4. Though this court had issued notices to the non-applicant on 2.4.2013 and in spite of best efforts and service having been made upon the non-applicant, he has preferred not to make any representation before this court and therefore, this court is left with no other option but to proceed ex parte against the non-applicant. 5. During the course of arguments, Shri Bhaduri has relied upon the judgment rendered by the Supreme Court in the matter of Jagdish Jugtawat vs. Manju Lata and others, (2002) 5 SCC 422 , wherein the Supreme Court in a case where the Family Court itself had passed an order for grant of maintenance to the major daughter on the ground that since she was already getting maintenance, she should not be forced to file another case under Section 20(3) of Hindu Adoptions and Maintenance Act which would lead to multiplicity of proceedings. The Supreme Court in para 4 of its judgment has held as under:- "Applying the principle to the facts and circumstances of the case in hand, it is manifest that the right of a minor girl for maintenance from parents after attaining majority till her marriage is recognized in Section 20(3) of the Hindu Adoptions and Maintenance Act. Therefore, no exception can be taken to the judgment/order passed by the learned Single Judge for maintaining the order passed by the Family Court which is based on a combined reading of Section 125 Cr. P.C. and Section 20(3) of the Hindu Adoptions and Maintenance Act. For the reasons aforestated, we are of the view that on facts and in the circumstances of the case no interference with the impugned judgment/order of the High Court is called for." 6. In the instant case, if we apply the principle so enumerated by the Supreme court in the case cited above, it would be evidently clear that in the present case, the applicant is aged 19 years by now and has been getting maintenance for the last 14 years, i.e. she was getting maintenance from the time when she was 5 years of age and for the last 2 years, she was not getting the same from the non-applicant.
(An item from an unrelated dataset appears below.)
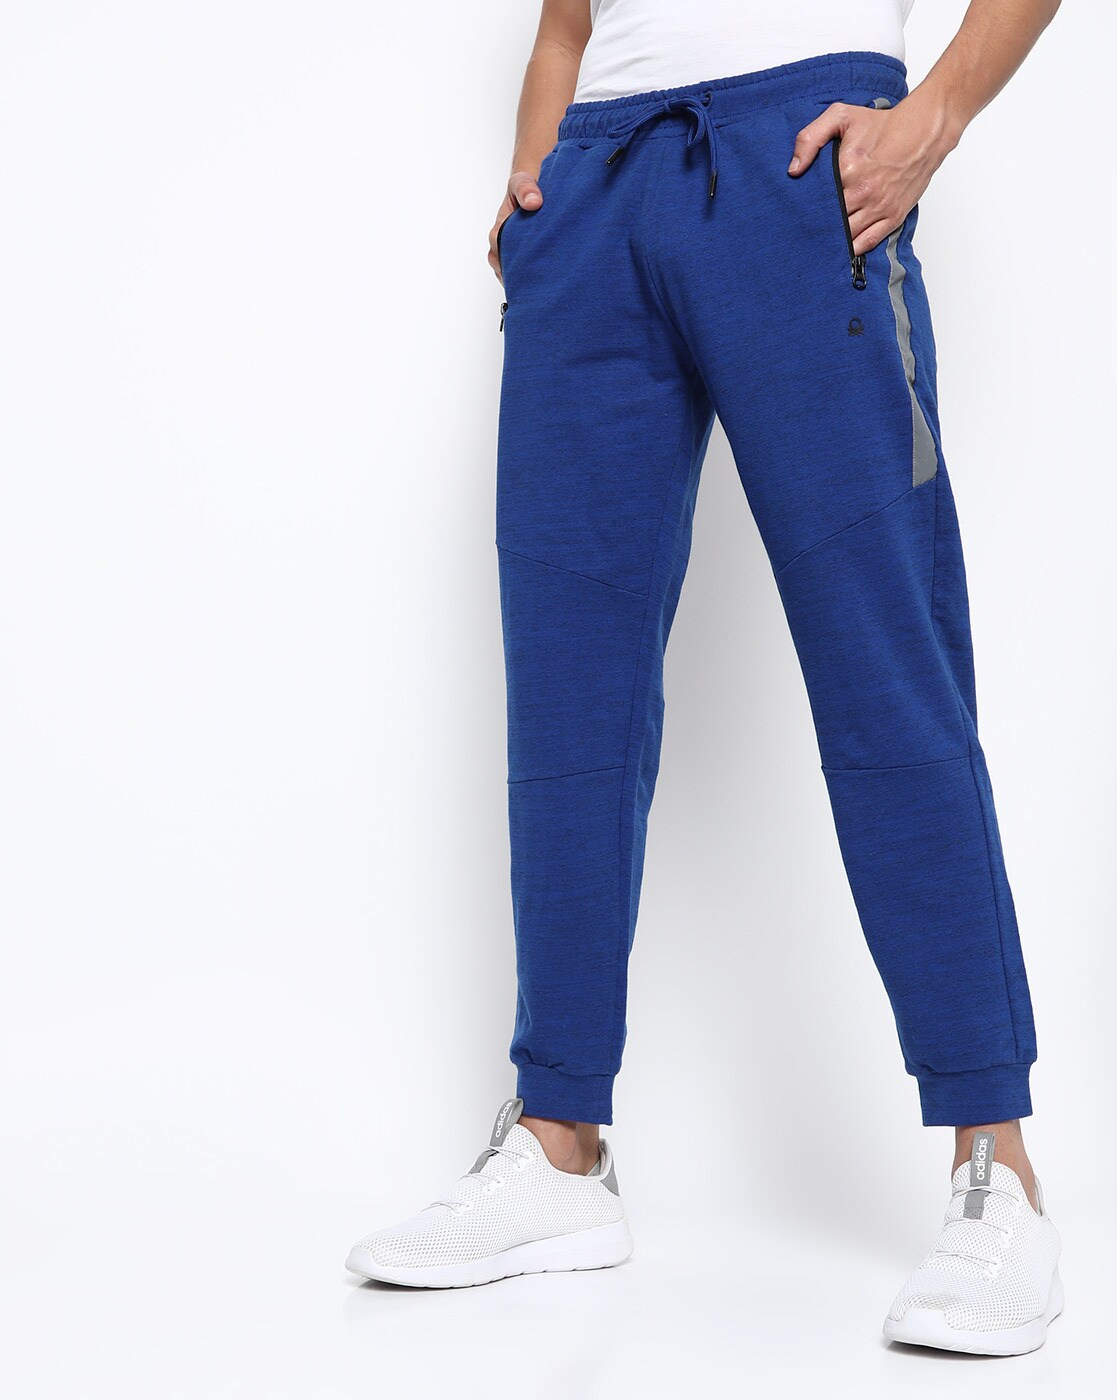 Buy Blue Trousers & Pants for Men by UNITED COLORS OF BENETTON Online

The court below was not justified in taking a strict view in this regard and approving the decision of the non-applicant having stopped the payment of maintenance of his daughter only on the ground that she has attained the age of majority and that she should be forced to file another case invoking the provisions of Hindu Adoptions and Maintenance Act. The court below ought to have taken into consideration this aspect and in order to avoid multiplicity of proceedings, the court should have entertained the application filed by the applicant for the reason that ultimately the applicant was entitled for maintenance irrespective of the fact whether she moves an application under Section 125(3) Cr. P.C. or under Section 20(3) of the Hindu Adoptions and Maintenance Act. 7. For the foregoing reasons and taking into consideration the observations made by the Supreme Court in the case of Jagdish Jugtawat vs. Manju Lata and others (supra), I am of the considered opinion that the court below was not justified in rejecting the application filed by the applicant. 8. Accordingly, the instant criminal revision is allowed. The order dated 19.1.2013 is set aside. It is ordered that the applicant is entitled for maintenance from the non-applicant and the matter is remitted back to the Principal Judge, Family Court, Mahasamund for passing appropriate orders in this case. No order as to costs. Revision Allowed.